Task directions »
Nothing outside the lines below from the one containing "Photo of عکس" through the one containing "Lands End Boys" is to be printed; print those exactly, ends included, and drop the pictures.

Data shown »

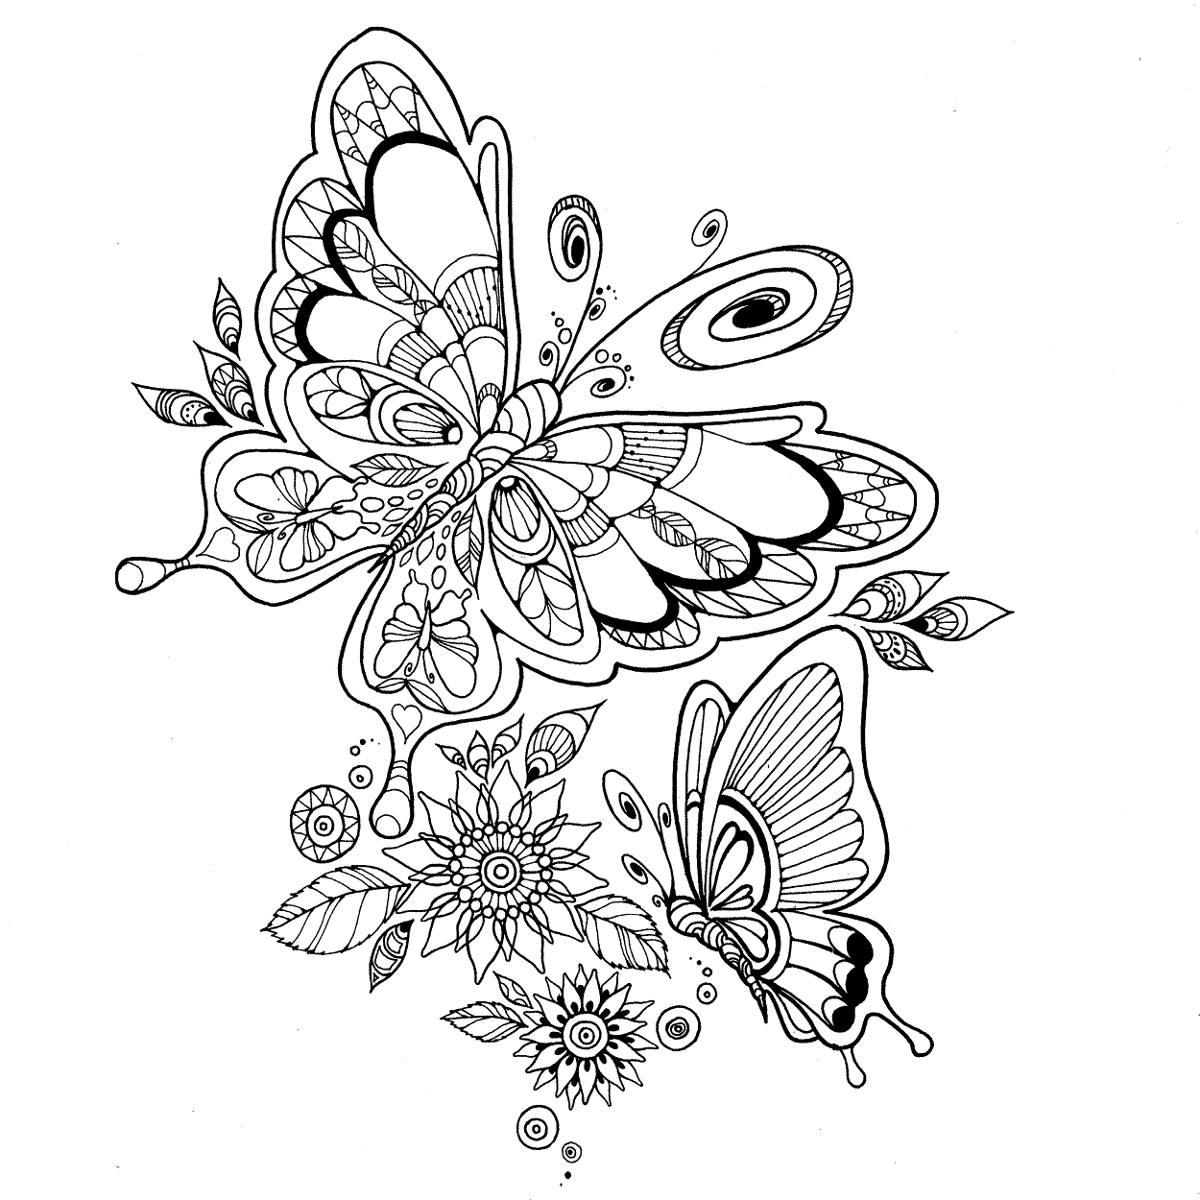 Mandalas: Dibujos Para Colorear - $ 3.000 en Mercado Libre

...

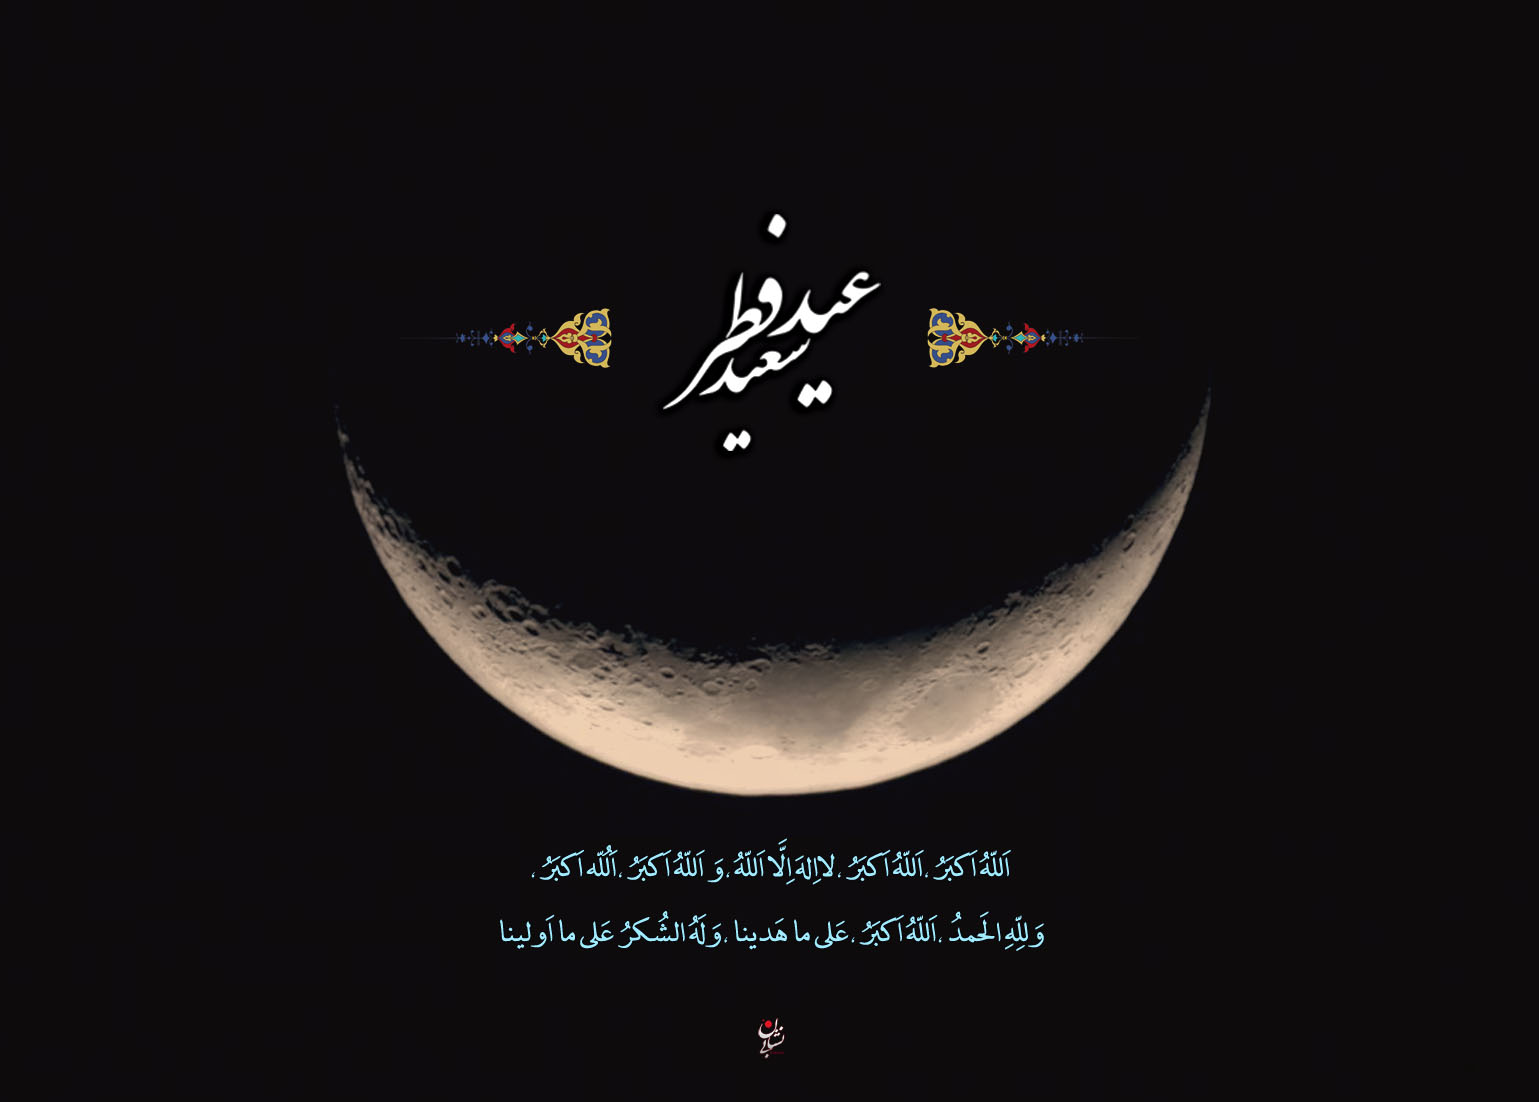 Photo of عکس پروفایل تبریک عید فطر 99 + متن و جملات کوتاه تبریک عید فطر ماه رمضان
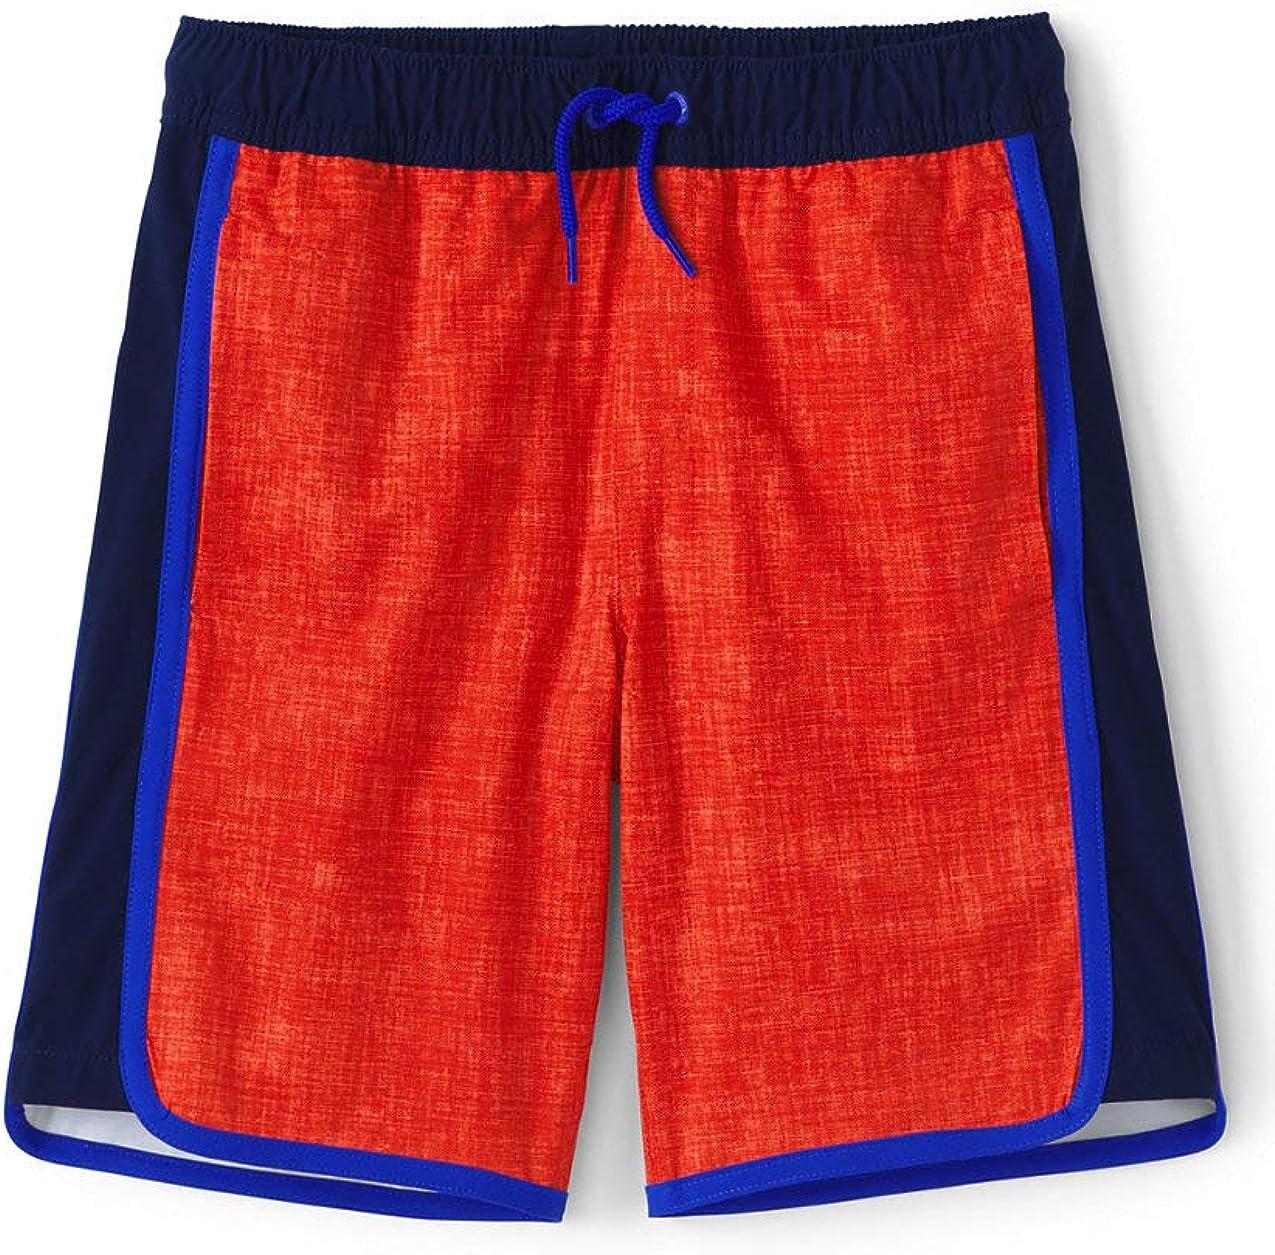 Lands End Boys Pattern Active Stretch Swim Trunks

Result for this task »
 Photo of عکس پروفایل تبریک عید فطر 99 + متن و جملات کوتاه تبریک عید فطر ماه رمضان
 Lands End Boys Pattern Active Stretch Swim Trunks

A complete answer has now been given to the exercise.